# Divergence in everything: bounding the regret in online optimization

Let’s continue with our magical mystery tour through the lands of divergence.

(image yoinked from Sergio Verdú‘s 2007 Shannon Lecture slides)

Today’s stop is in the machine learning domain. The result I am about to describe has been floating around in various forms in many different papers, but it has been nicely distilled by Hari Narayanan and Sasha Rakhlin in their recent paper on a random walk approach to online convex optimization.

The problem we will be looking at is online optimization, a very versatile and broad paradigm for modeling and studying sequential decision-making in the presence of uncertainty. If you are interested in learning the fundamentals of this field, I recommend checking out Prediction, Learning, and Games by Nicolò Cesa-Bianchi and Gábor Lugosi. There is also a blog called Inherent Uncertainty devoted primarily to online optimization and learning.

Anyway, the problem is as follows. Consider a repeated game between two players, the Agent (A) and Nature (N). The game takes place in discrete time. The moves of A are points in some set ${{\mathsf X}}$; the moves of N are functions in some set ${{\mathcal F} = \{ f : {\mathsf X} \rightarrow {\mathbb R} \}}$. The game proceeds according to the following protocol:

• At time ${t=1,\ldots,T}$
• A selects a point ${x_t \in {\mathsf X}}$
• N selects a function ${f_t \in {\mathcal F}}$ and announces it to A
• A suffers loss ${f_t(x_t)}$

At the end of the game, the total loss suffered by A is given by ${\sum^T_{t=1}f_t(x_t)}$. The moves of A are constrained by causality — i.e., ${x_t}$ may depend only on ${x_1,\ldots,x_{t-1}}$ and on ${f_1,\ldots,f_{t-1}}$. We also assume that N is oblivious, i.e., it does not see the moves of A. (This restriction can be removed.) The objective of A is to devise a strategy for selecting ${\{x_t\}^T_{t=1}}$ so as to keep the worst-case regret

$\displaystyle R_T = \sup_{f_1,\ldots,f_T \in {\mathcal F}}\left\{\sum^T_{t=1} f_t(x_t) - \inf_{u \in {\mathsf X}}\sum^T_{t=1} f_t(u)\right\}.$

as small as possible. Note that the regret is the worst-case gap between the total cost of incremental decisions made on the basis of causally available information and the total cost that could have been incurred in hindsight, with full knowledge of the costs, by a single point in ${{\mathsf X}}$. It is also possible to introduce the regret against dynamic strategies, i.e., sequences of points ${u_1,\ldots,u_T \in {\mathsf X}}$, but then we must restrict the complexity of these comparator sequences in some way (e.g., require that they vary slowly), and the analysis is a lot messier. Nevertheless, even this simple set-up can describe sequential versions of all sorts of problems, including data compression, prediction, classification, regression, investment, task assignment, etc.

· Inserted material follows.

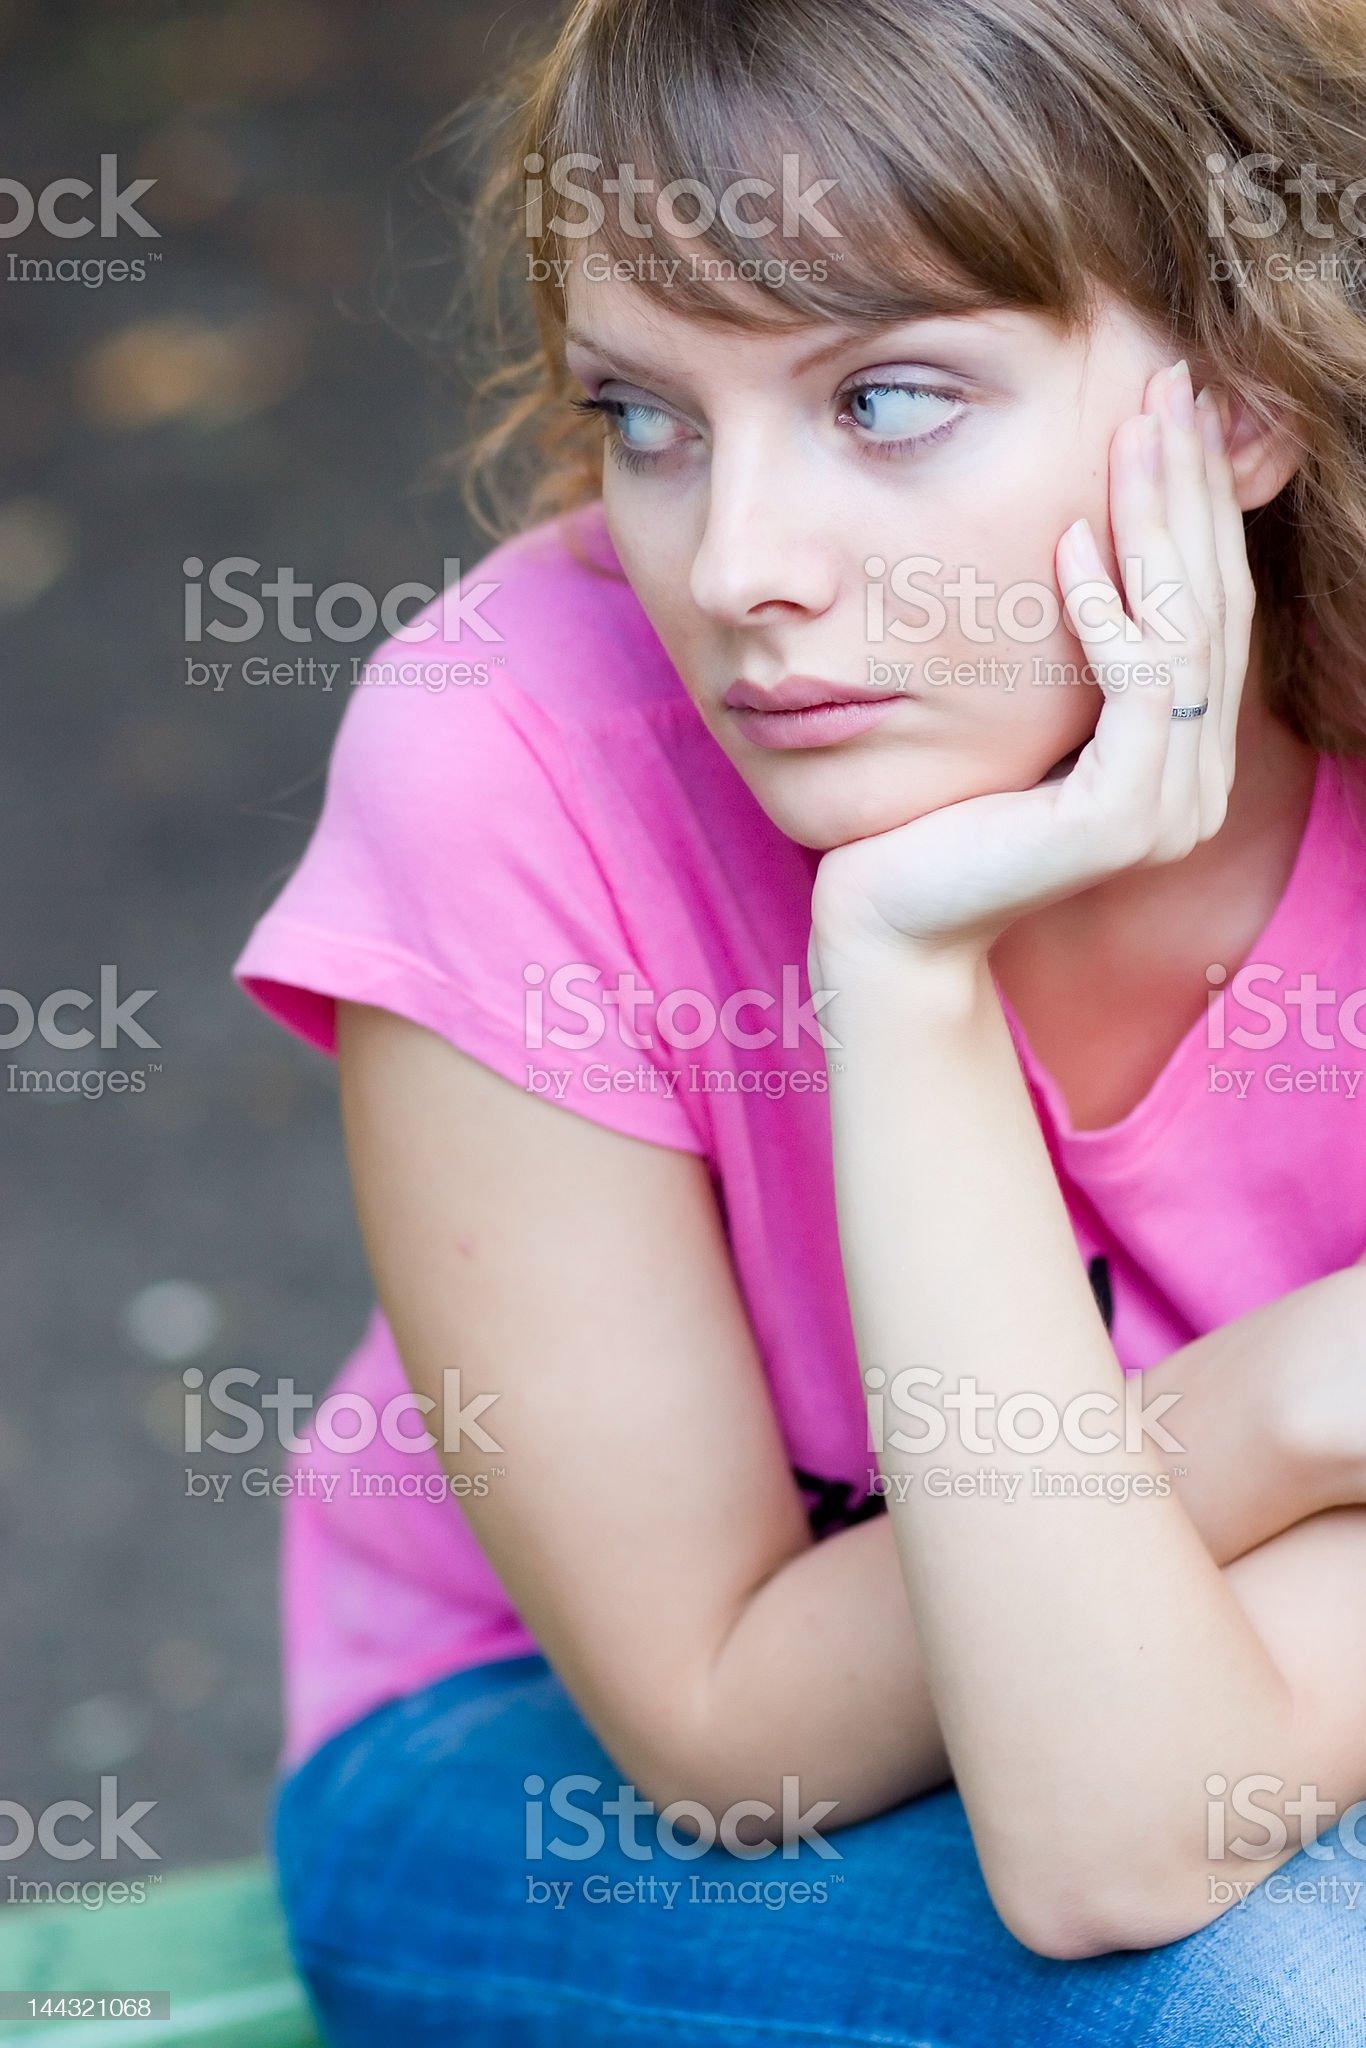 Pencive girl royalty-free stock photo
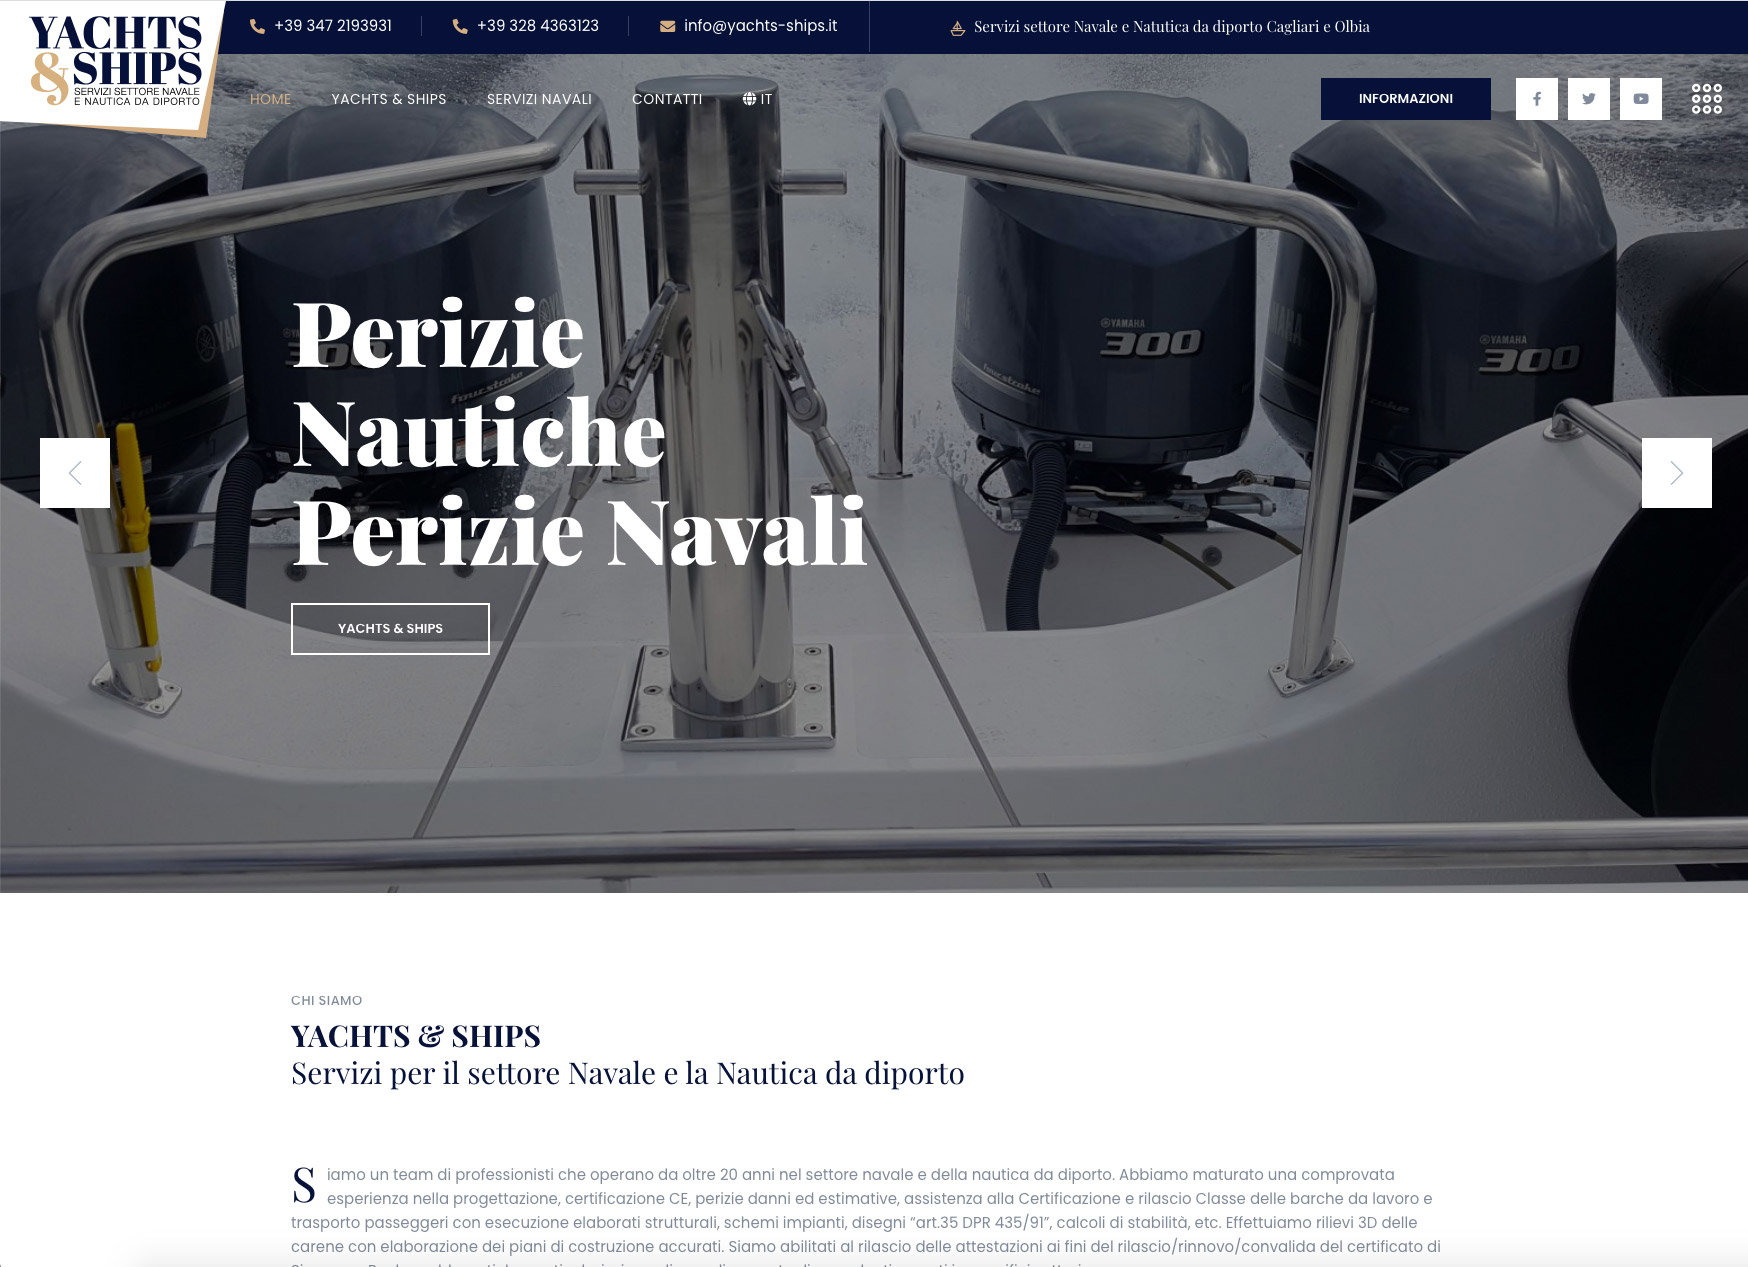 Realizzazione sito web responsive SG Consulting per Yachts and Ships

We will allow A to use randomized strategies. That is, at each time ${t}$ A can choose a probability distribution ${P_{t-1}}$ over ${{\mathsf X}}$ and draw his next move ${X_t}$ at random according to ${P_{t-1}}$. As before, A is constrained by causality, so the choice of ${P_{t-1}}$ can depend only on currently available information. We shall therefore compare the expected cumulative cost over ${T}$ rounds with the smallest cumulative cost that can be incurred with full knowledge of ${f_1,\ldots,f_T}$ using a single random choice of a point in ${{\mathsf X}}$. In other words, the regret is

$\displaystyle R_T = \sup_{f_1,\ldots,f_T} \sup_{P_U}\mathop{\mathbb E} \left\{\sum^T_{t=1}f_t(X_t) - f_t(U)\right\},$

where a strategy of A is a sequence ${\{P_{t-1}\}^T_{t=1}}$ of distributions over ${{\mathsf X}}$, so that ${X_t \sim P_t}$ for every ${t}$.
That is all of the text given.